By Donna Loyle, communications specialist, LIMR

The micronutrient zinc administered orally as zinc gluconate (an over-the-counter lozenge) may help to prevent cancer of the esophagus in patients diagnosed with the pre-malignant condition called Barrett’s esophagus (BE), according to the results of a first-ever pilot study in humans conducted, in part, by investigators at the Lankenau Institute for Medical Research (LIMR) and physicians at the Lankenau Medical Center.

Patients with BE, the esophageal condition caused by long-term gastrointestinal reflux disease, have a significantly higher risk of developing cancer of the esophagus than the general population. Moreover, esophageal cancer has one of the lowest five-year survival rates of any cancer: less than 20 percent.

“Finding a way to effectively treat BE and stop its progression to cancer has been paramount among those in the gastroenterology community,” noted Gary Newman, MD, a gastroenterologist at Lankenau Medical Center and one of the new study’s authors.

Preclinical studies in rodents done at Thomas Jefferson University School of Medicine and elsewhere suggested that zinc deficiency was associated with higher rates of chemically induced esophageal cancer (squamous cell carcinoma). Could the same be true regarding esophageal adenocarcinoma in humans diagnosed with BE?

“We wanted to determine if the chemopreventive action reported for zinc’s inhibition of esophageal cancer in rodents extends to the Barrett’s-driven esophageal adenocarcinoma in humans,” noted James Mullin, PhD, LIMR professor and one of the study’s authors. “Our pilot study in humans offers promising data that this may be true.”

The researchers conducted a small pilot study involving over 100 BE patients from 2012 to 2019. Study participants were randomized into two study arms. One group took two zinc gluconate lozenges each morning and evening for 14 days. Dosage was 13.2 mg of zinc per lozenge for a daily intake of 52.8 mg. The other group took a sodium gluconate placebo.

After 14 days, biopsies of study participants’ esophageal tissue were taken for RNA and protein analyses. The researchers found an intriguing pattern in the nature of the molecular changes observed. Among the notable findings they discovered an uptick in genes that have been shown in previous studies to suppress tumors, and a down regulation in genes known to promote tumor growth.
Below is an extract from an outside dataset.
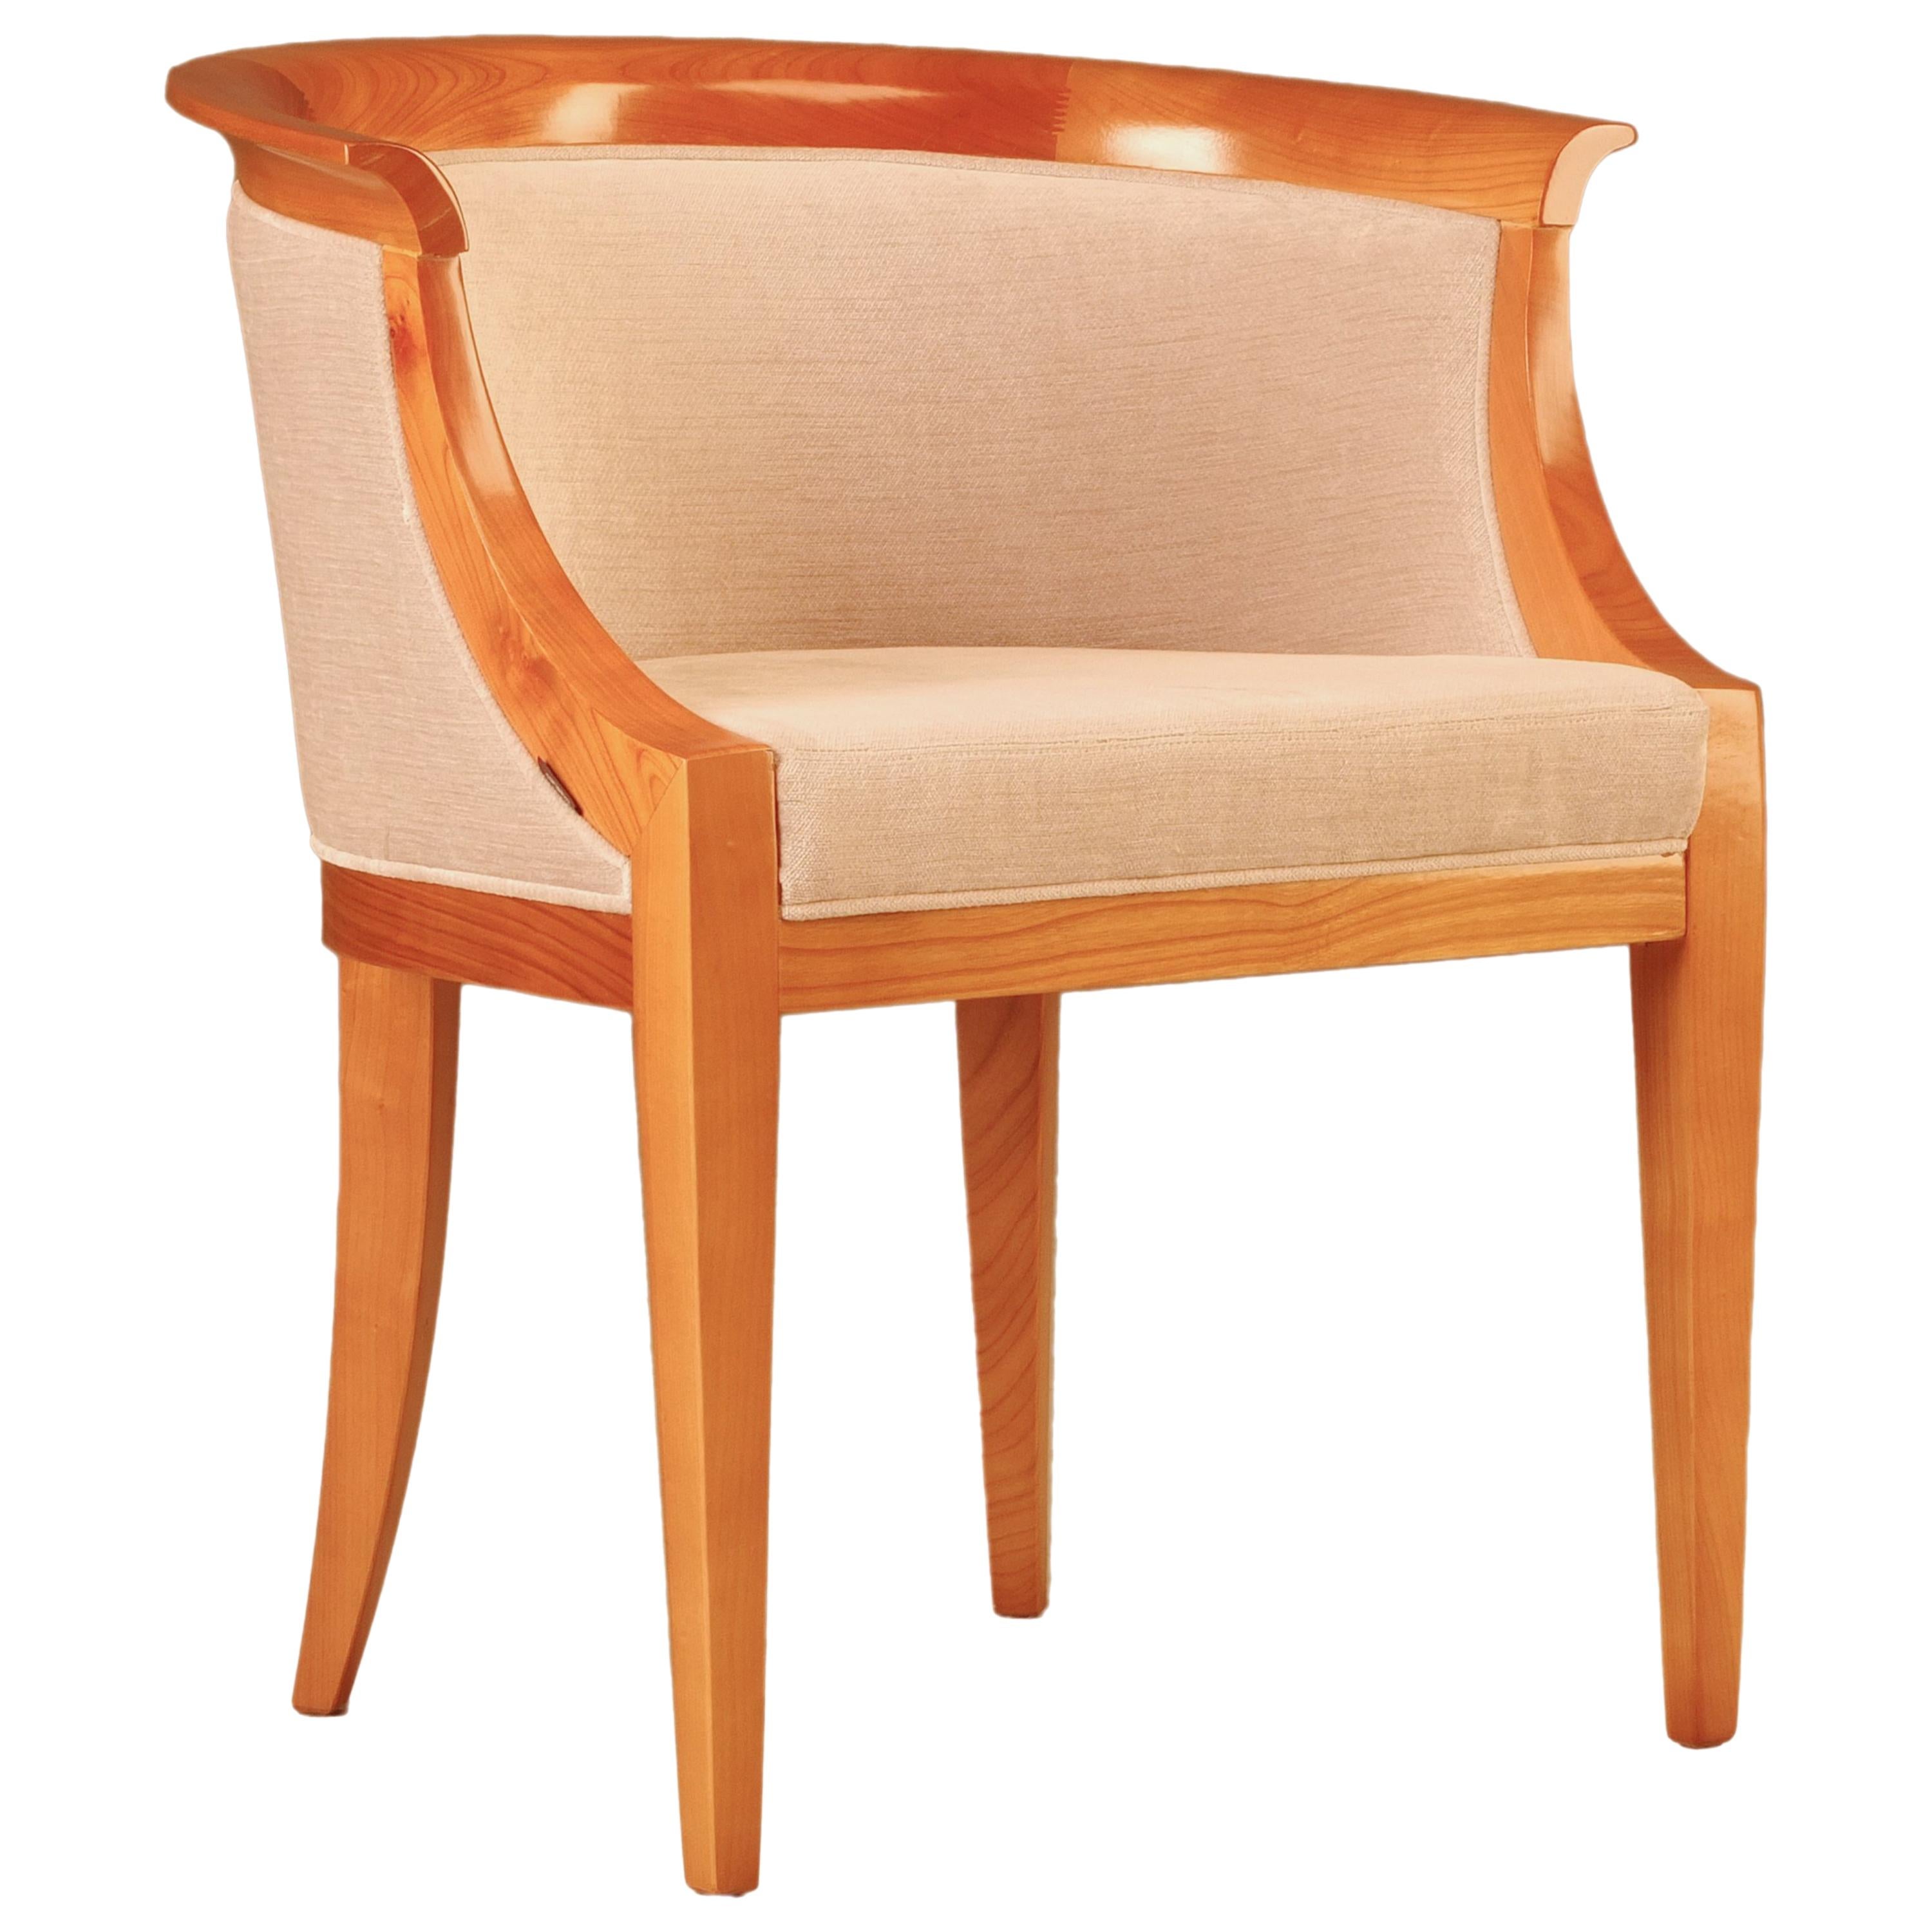 Upholstered Armchair in Biedermeier Style Made of Cherrywood, by Morelato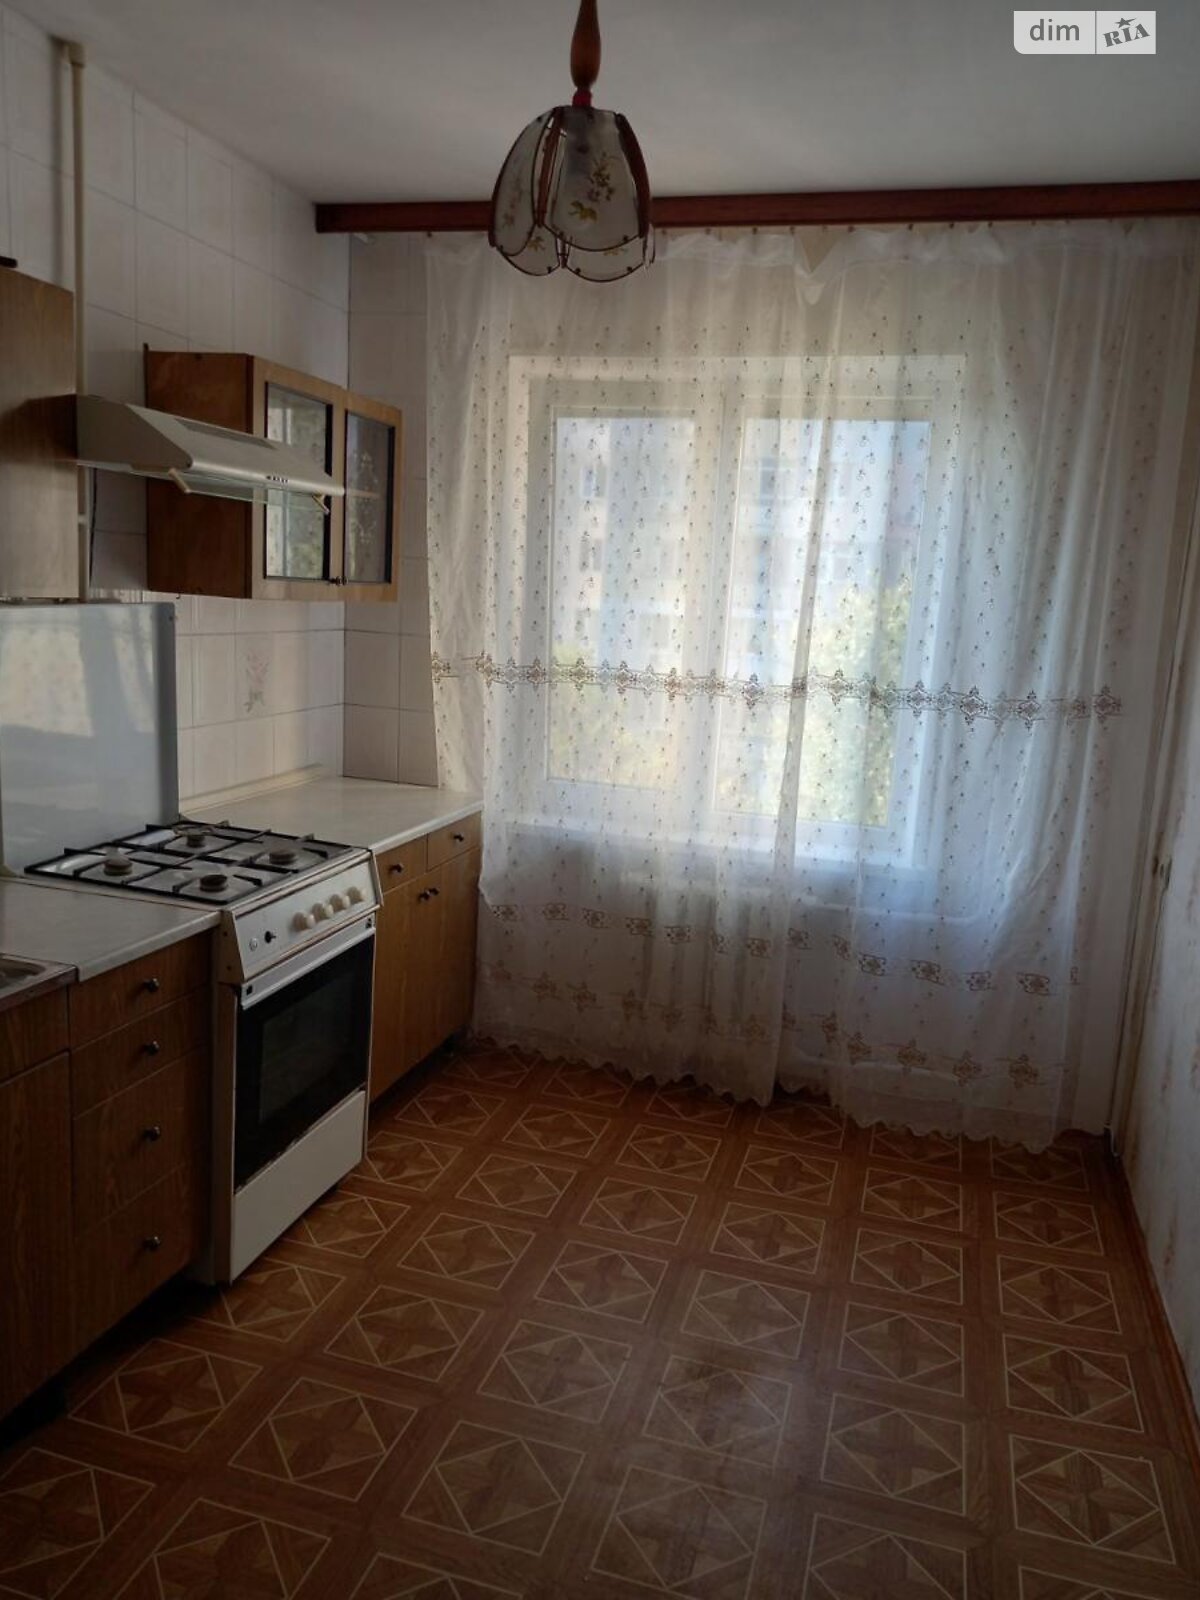 Продажа трехкомнатной квартиры в Одессе, на ул. Академика Королева, район Приморский фото 1

“Overall, this study suggests that daily zinc prophylaxis could be a significant proactive step that a Barrett’s esophagus patient could take to reduce the lifetime risk of esophageal adenocarcinoma,” wrote the study’s authors, which included those at LIMR; the divisions of Gastroenterology and Pathology at Lankenau Medical Center; the Wistar Institute; Thomas Jefferson University; and Saint Joseph’s University.

The authors concluded that these promising results from a small sampling of BE patients suggests the imperative of conducting a larger prospective clinical trial that would study the therapeutic value of zinc in more patients, specifically targeting the issue of whether zinc prophylaxis reduces the risk of Barrett’s patients acquiring esophageal adenocarcinoma.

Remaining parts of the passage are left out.